Last updated: July 2021

Cell death as an innate immune response

Regulated cell death (RCD) is a lethal process taking place in the context of stressful stimuli (e.g. infections, metabolic disorders, or genotoxic agents) for which no restoration of cellular homeostasis could be completed [1, 2]. In contrast with accidental cell death (ACD), a biologically uncontrolled process, RCD involves tightly structured signaling cascades and molecularly defined effector mechanisms [1, 2]. There are two principal types of cell death, apoptosis, and necrosis, which mainly differ in duration, morphological aspects, and inflammatory outcomes. Necrosis has long been considered an ACD before the description of multiple regulated necrotic cell death mechanisms, including pyroptosisnecroptosis, ferroptosis, and NETosis [1-3]. ​There is evidence for extensive crosstalk between the different cell death pathways, ensuring threat best-fit responses [2, 3]. A better understanding of the molecular mechanisms underlying RCD is still required to develop efficient therapeutics for monogenic (i.e. due to the functional alteration of a gene) and inflammation-driven diseases [2].

 

APOPTOSIS

Apoptosis was the first well-defined process of regulated cell death [1-3]. It is triggered either homeostatically (e.g. during embryonic development), or upon exposure to a variety of insults (e.g. engagement of TNF (tumor necrosis factor) family death domain receptors at the cell surface). Two primary apoptosis pathways exist, the intrinsic and extrinsic pathways.
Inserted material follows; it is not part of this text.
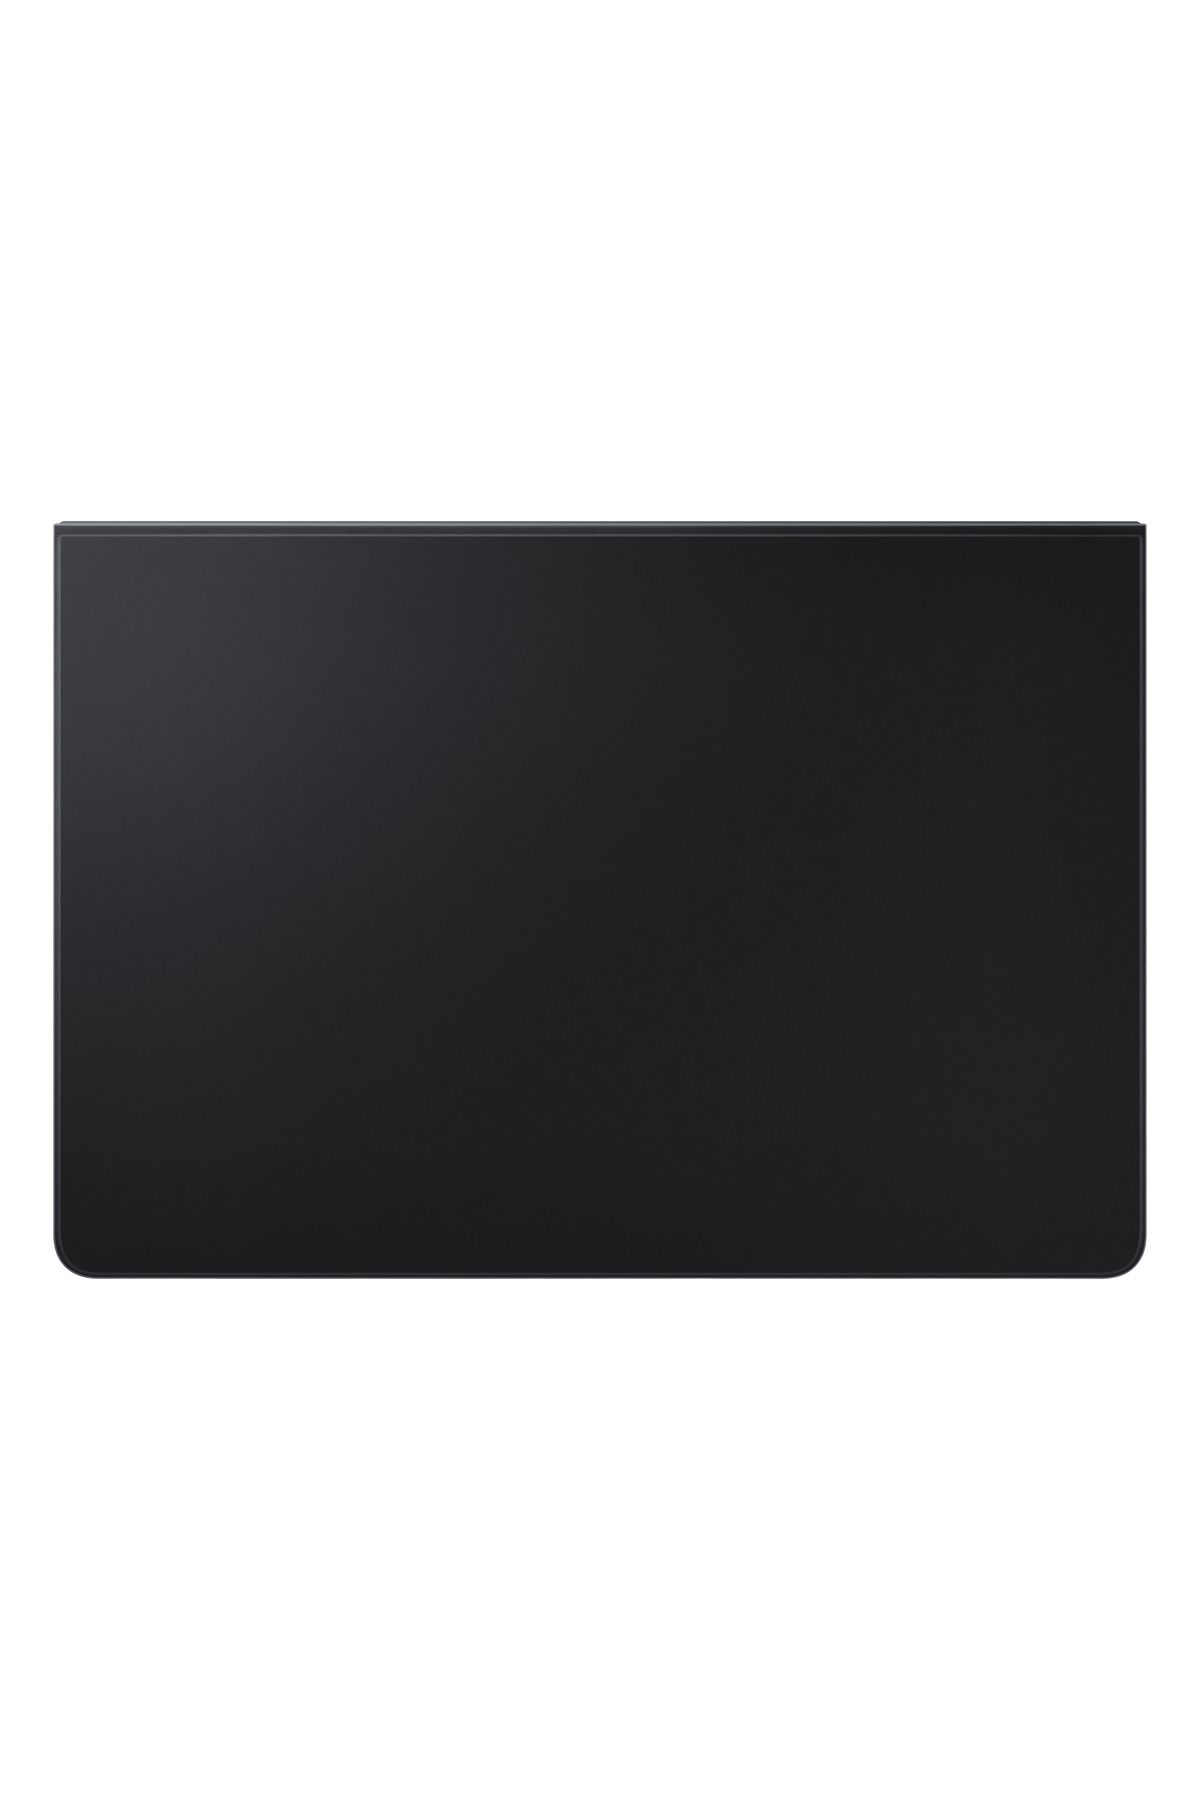 Samsung Galaxy Tab S7 Ince Klavyeli Tablet Kılıfı Siyah

The intrinsic pathway is engaged by a variety of intracellular signals and leads to the activation of Caspase-9. In contrast, the extrinsic pathway is initiated by extracellular perturbations, through death receptors, and induces the activation of Caspase-8. Both the extrinsic and intrinsic apoptotic pathways lead to the activation of Caspase-3 which cleaves more than 500 cellular substrates for death induction.
Apoptosis is a slow process (6h to ~24h) that operates through DNA fragmentation, membrane blebbing, and the formation of apoptotic bodies. Neighboring phagocytes swiftly remove the dead cells and produce anti-inflammatory cytokines.
The absence of cell lysis and material release in the extracellular milieu prevents inflammation and tissue damage, thus acknowledging apoptosis safe self-destruction. Apoptosis is thus considered a "silent" form of cell death. 

 

Inflammasome-induced pyroptotic cell death
Inflammasome-induced pyroptotic cell death

 

PYROPTOSIS

Pyroptosis is a form of regulated necrotic cell death that results from inflammasome activation [4, 5]. Inflammasomes are cytosolic multiprotein complexes generally comprised of a sensor and an inflammatory caspase connected to an adaptor protein (ASC). Their assembly can be triggered by a multitude of microbial and host-derived stimuli [4].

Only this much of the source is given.